Why data collection is key to your data strategy – part one
The first in a two-part blog series on data collection, and how, done properly, it forms the foundation of your data strategy.
How do you actually get all the data that populates your data platform and feeds your analytics use cases? That’s right — you have to collect your data somehow. It is becoming increasingly important to pay attention to and make active decisions about how your data is collected. Why? Because the data collection process itself may determine a lot about the data quality you end up with, how much you can do with the data you collect, and how accurate the predictions and insights you make are.
Once upon a time, no one talked about how they collected data, or acknowledged the importance of the data collection process. As use cases have grown more sophisticated, and organizations have begun to understand the importance of owning their data and controlling for data quality, once-ignored data gathering practices are becoming – or should be – a focal point for steering data strategy.
We’ve been beating the data collection drum for a long time, and while keeping the rhythm going has at times been difficult, the beat is starting to be heard more widely.
Why data collection matters
You wouldn’t start a military campaign by marching untrained troops into battle, would you?
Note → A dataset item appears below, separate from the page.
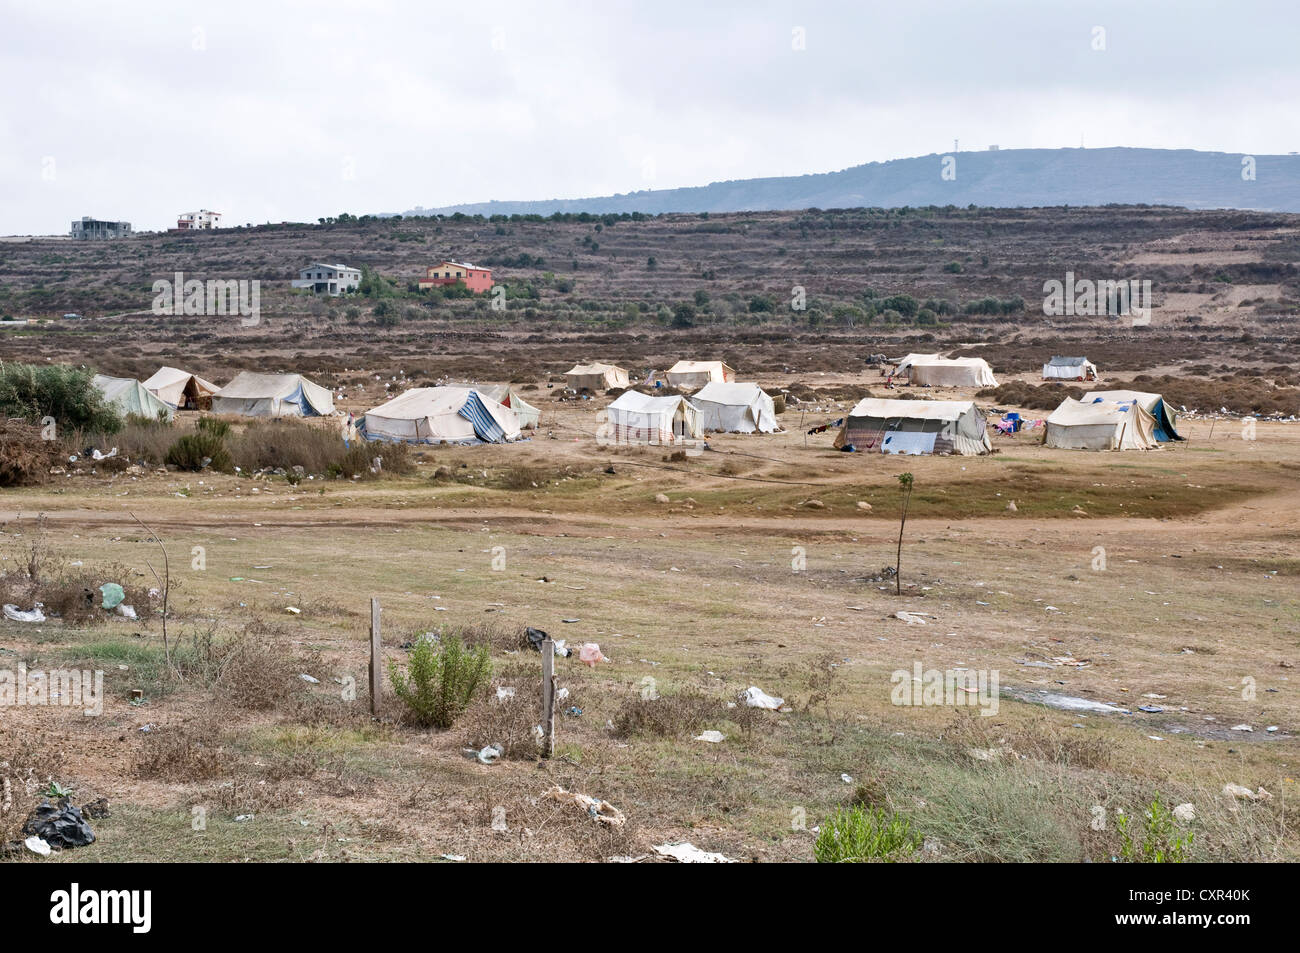 Ein Zeltlager für syrische Migranten in der nordlibanesischen Region Wadi Khaled, südlich der syrisch-libanesischen Grenze. Stockfoto

No. The same is true of analytics; you can’t run an analytics function without a data strategy. Analyst firm Forrester argues that up to 73% of data goes unused for analytics; this is arguably because the data strategy is not clear, and data is being collected en masse without clarity as to why it’s collected or how it might be used. Most kinds of organizations need a strategy, underpinned by administrative, logistical and resource planning directives. Your data strategy is not that different.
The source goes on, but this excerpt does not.